Work order: Output must consist only of the lines of the material below from the one with "677fdea8185cb Louis Vuitton" through the one with "Uvex Speedy Pro Take Off Goggle", each reproduced exactly; no pictures belong in it.

Material provided:

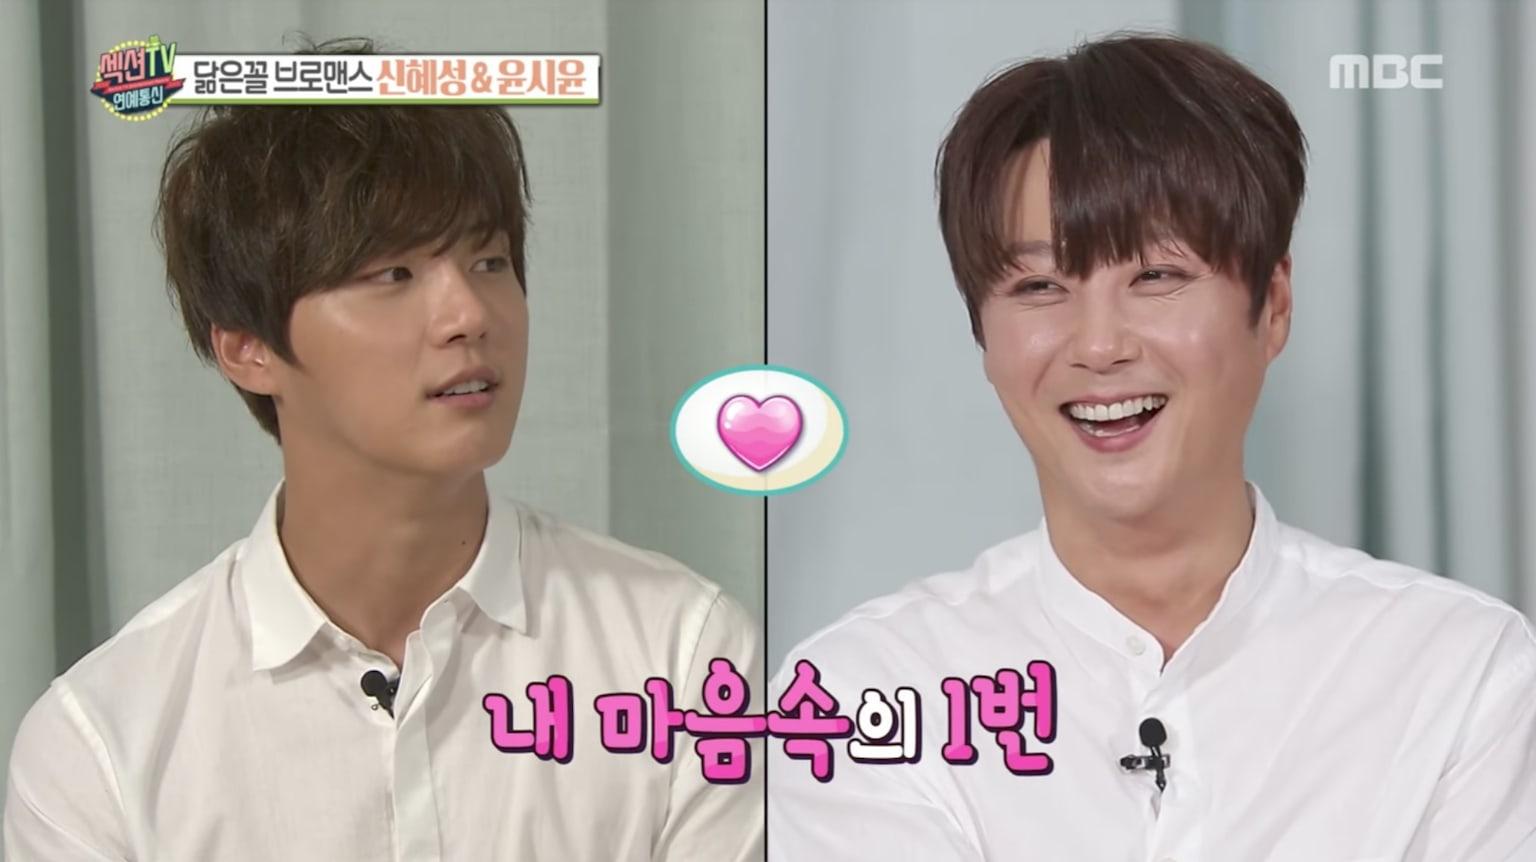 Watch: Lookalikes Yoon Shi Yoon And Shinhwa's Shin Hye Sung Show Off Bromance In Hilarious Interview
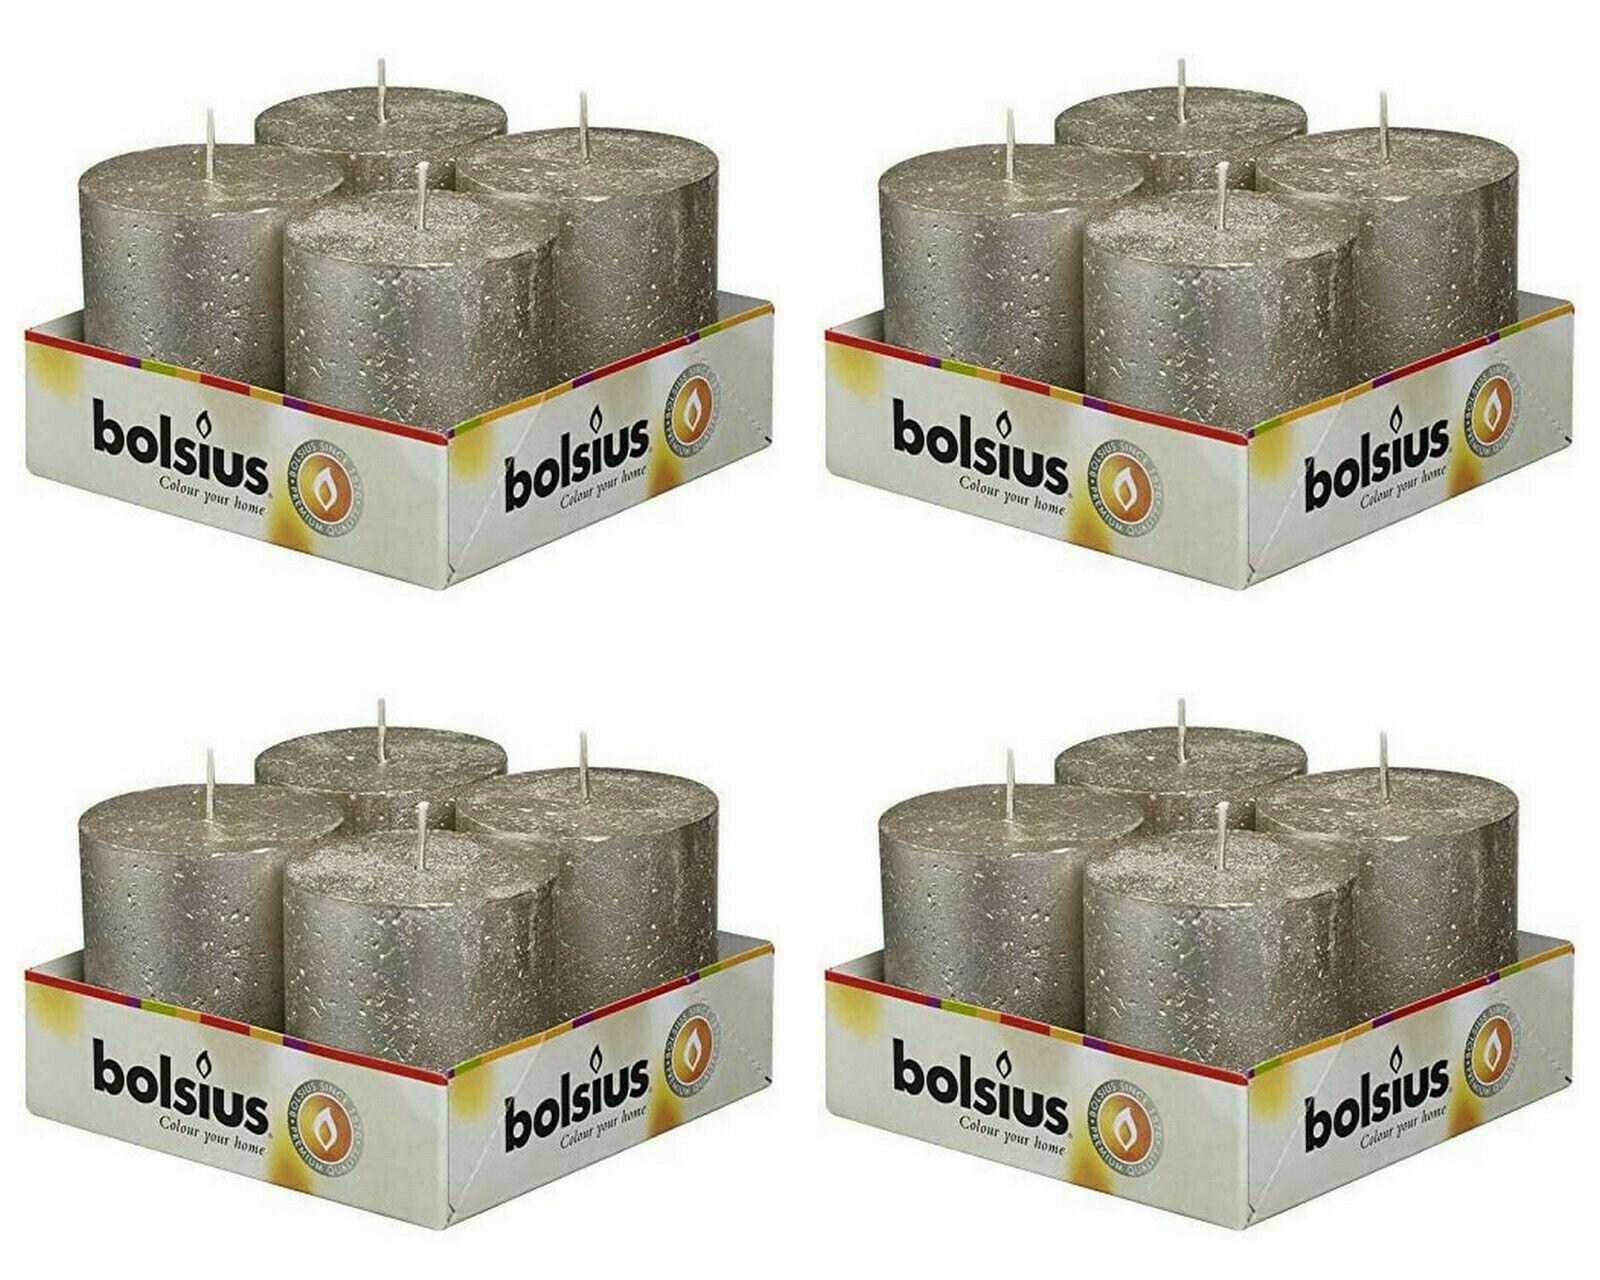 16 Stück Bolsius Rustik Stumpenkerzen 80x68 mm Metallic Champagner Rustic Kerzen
...
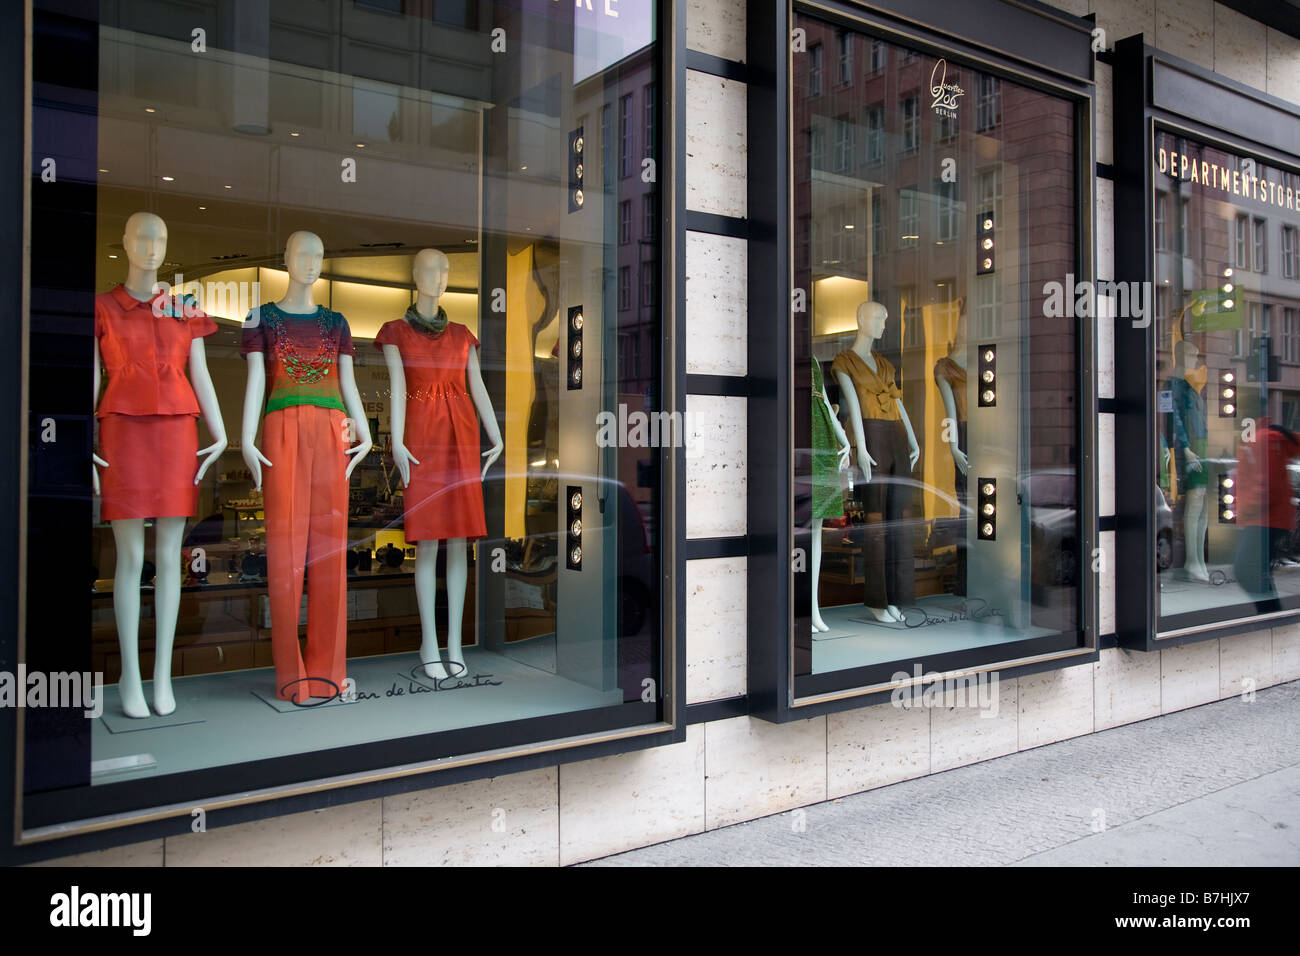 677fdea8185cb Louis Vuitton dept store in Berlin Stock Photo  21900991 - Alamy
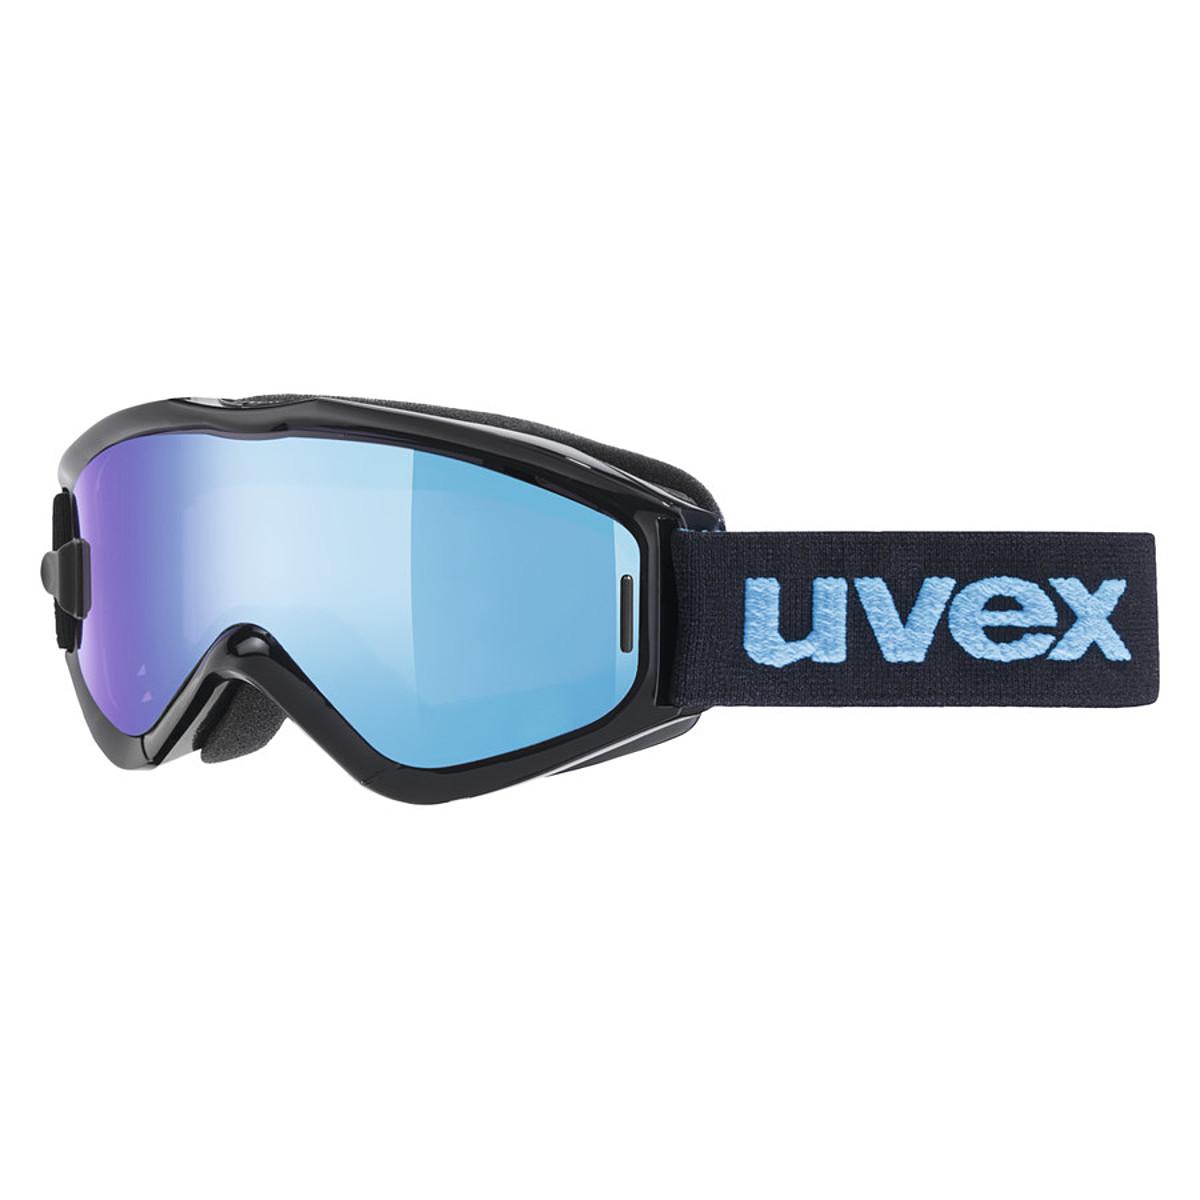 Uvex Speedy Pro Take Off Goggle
==
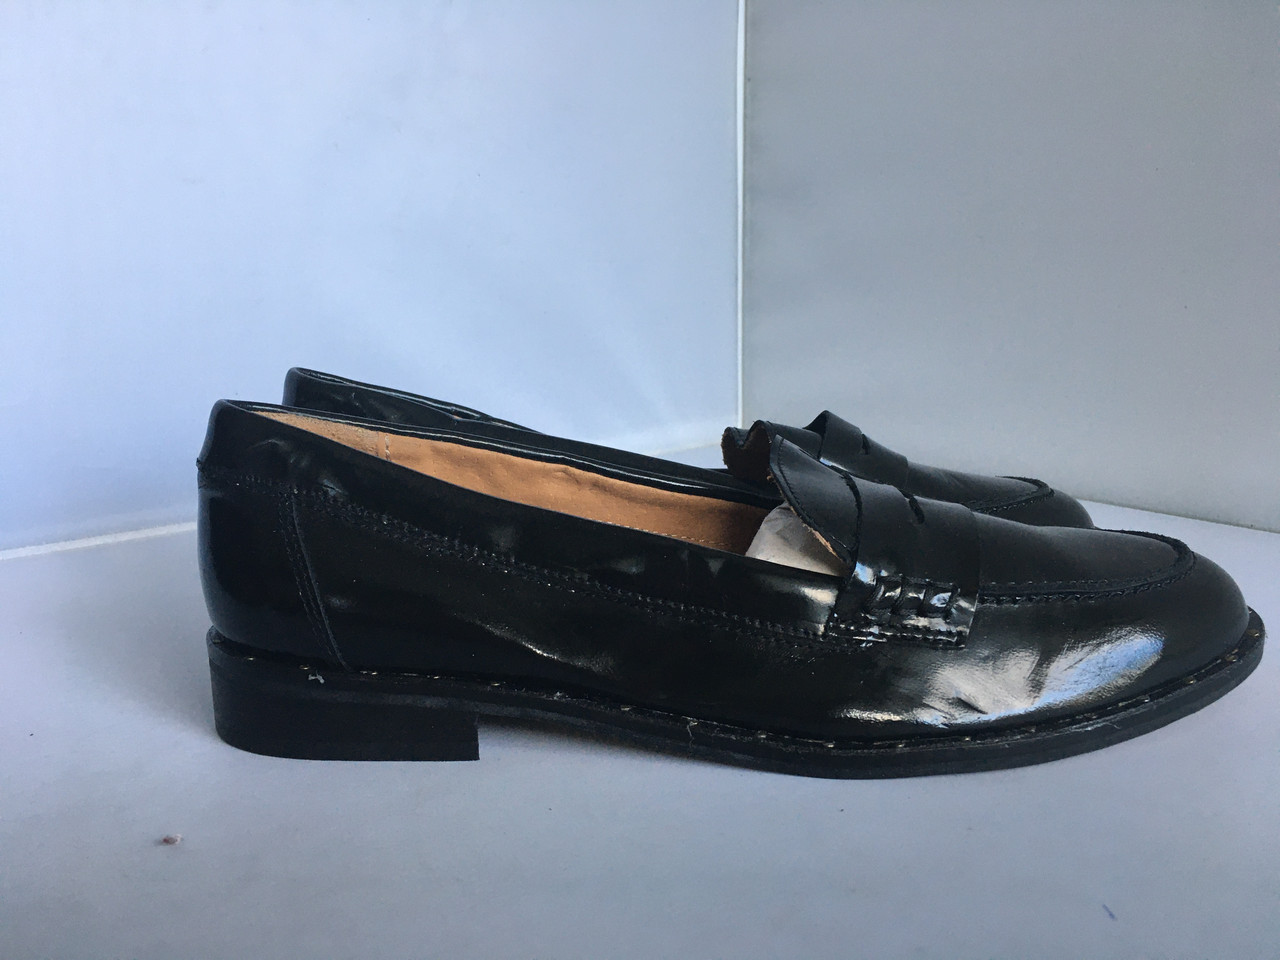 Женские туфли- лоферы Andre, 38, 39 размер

Task response:
 677fdea8185cb Louis Vuitton dept store in Berlin Stock Photo  21900991 - Alamy
 Uvex Speedy Pro Take Off Goggle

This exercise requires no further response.